In 2006 the NFL added a third game on Thanksgiving, played in primetime, in response to the surprising number of families who eat the famous meal at 6:00 p.m. instead of noon (like heathens do) and thus need something to distract themselves from their immediate families and still be able to drive home. In 2012 NBC began broadcasting this game as part of Sunday Night Football which is great as Al Michaels and Cris Collinsworth are simply lovely, handsome commentators with strong-seeming hands. The league can place any matchup in this relatively new slot – often favoring divisional rivalries to mirror sibling rivalries taking place at millions of dinner tables across the nation – since there are no complicated and headachy conference tie-ins.
Alas, this is because starting in 2014, Thanksgiving games were no longer legally bound to balance matchups between the AFC/NFC, or otherwise suffer from weird contractual rules or ties, including those spiked leather bracelets one finds in various adult stores that come with a “safe” word which we forgot so now we’re scared.
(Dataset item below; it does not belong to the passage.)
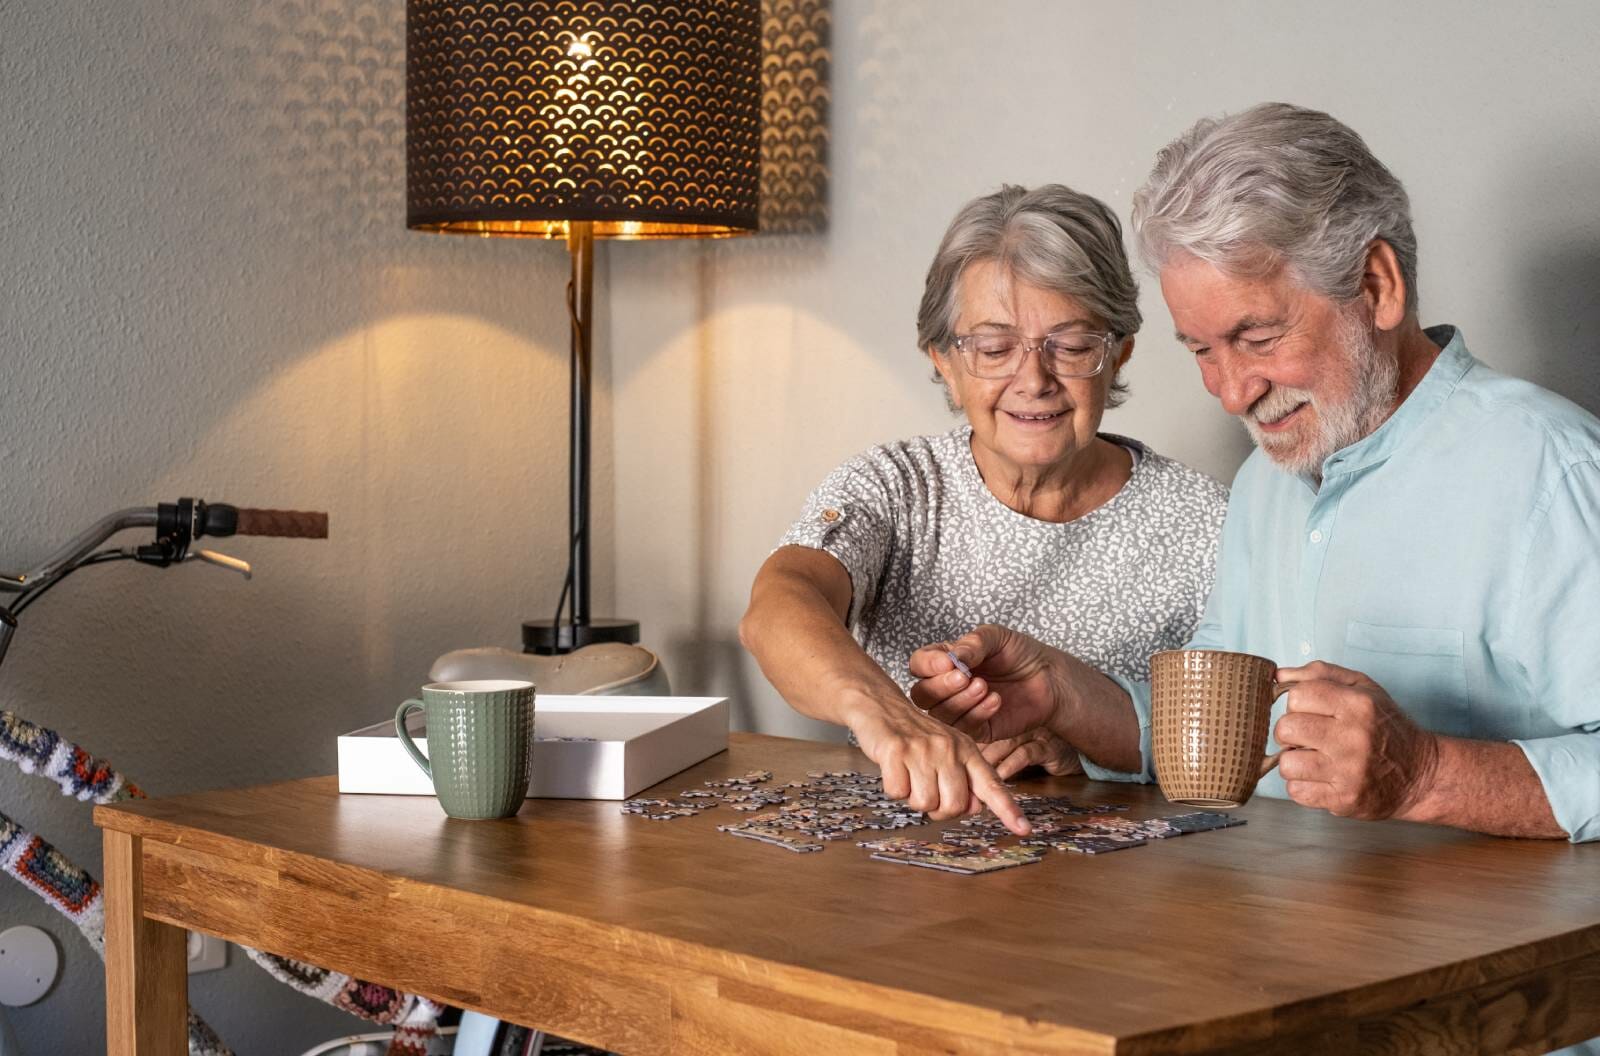 Elderly couple doing a jigsaw puzzle.

Nay, it’s now a free-for-all (the broadcast structure), with games on FOX remaining all-NFC contests and Tucker Carlson rants.
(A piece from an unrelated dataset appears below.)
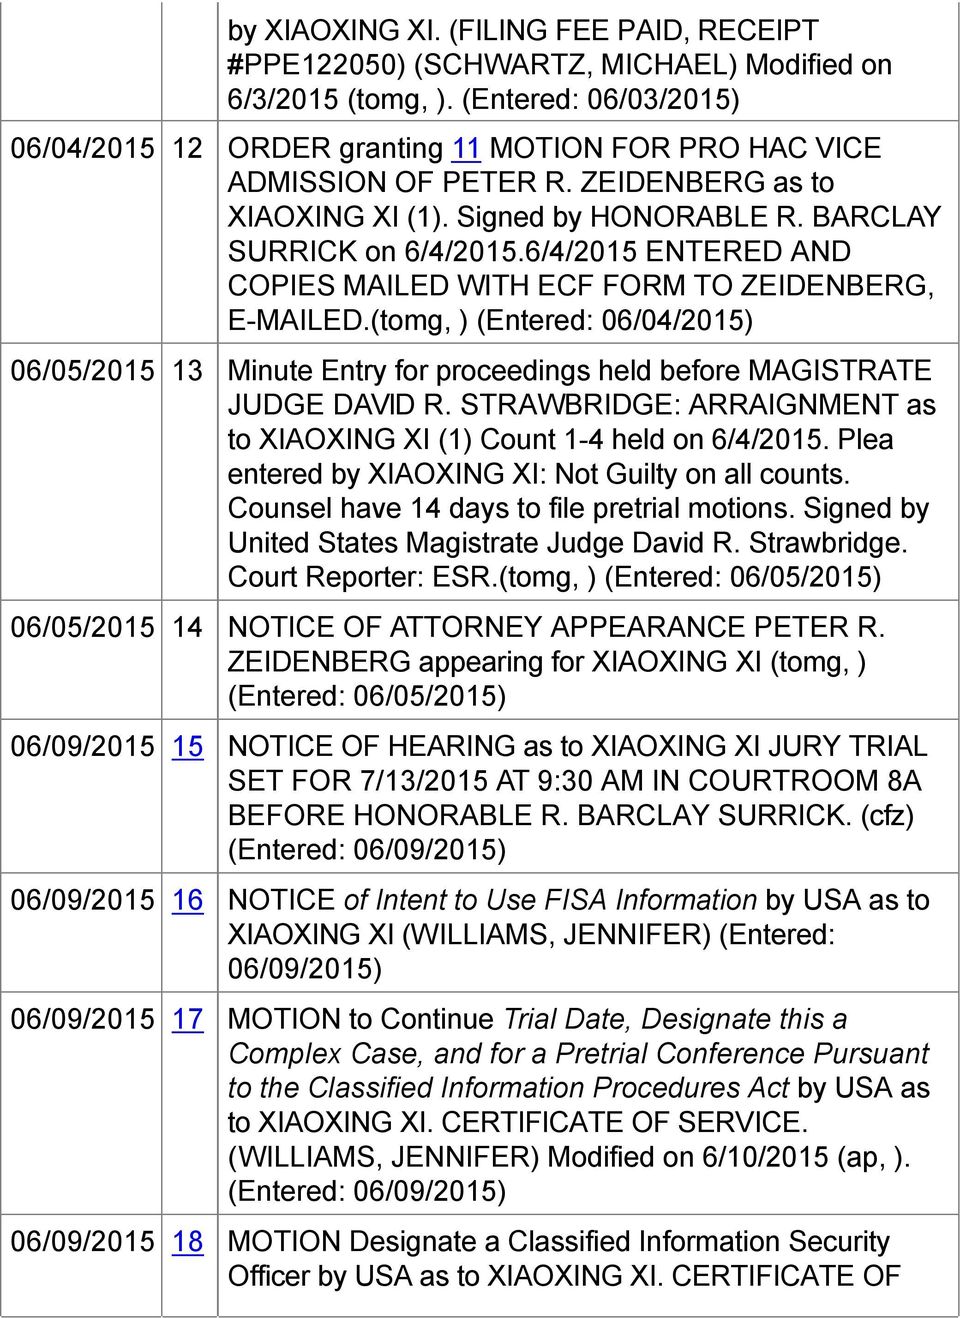 6/4/2015 ENTERED AND COPIES MAILED WITH ECF FORM TO ZEIDENBERG, E-MAILED.(tomg, ) (Entered: 06/04/2015) 06/05/2015 13 Minute Entry for proceedings held before MAGISTRATE JUDGE DAVID R.

Holy smokes, what a confusing mess. Who knew the genealogy could be so complicated? The point is Thanksgiving Day is a day to give thanks because there’s football to watch, food to eat, people to ignore, and work to take off – except for certain NFL players, turkey farmers, and grocery store personnel.
So buy a cornucopia at the local farmers market, stuff it with some cauliflower, say “you’re welcome” despite what the host says when you present it and get on with getting’ on doing nothing. But be thankful for it. Feel free to start practicing now.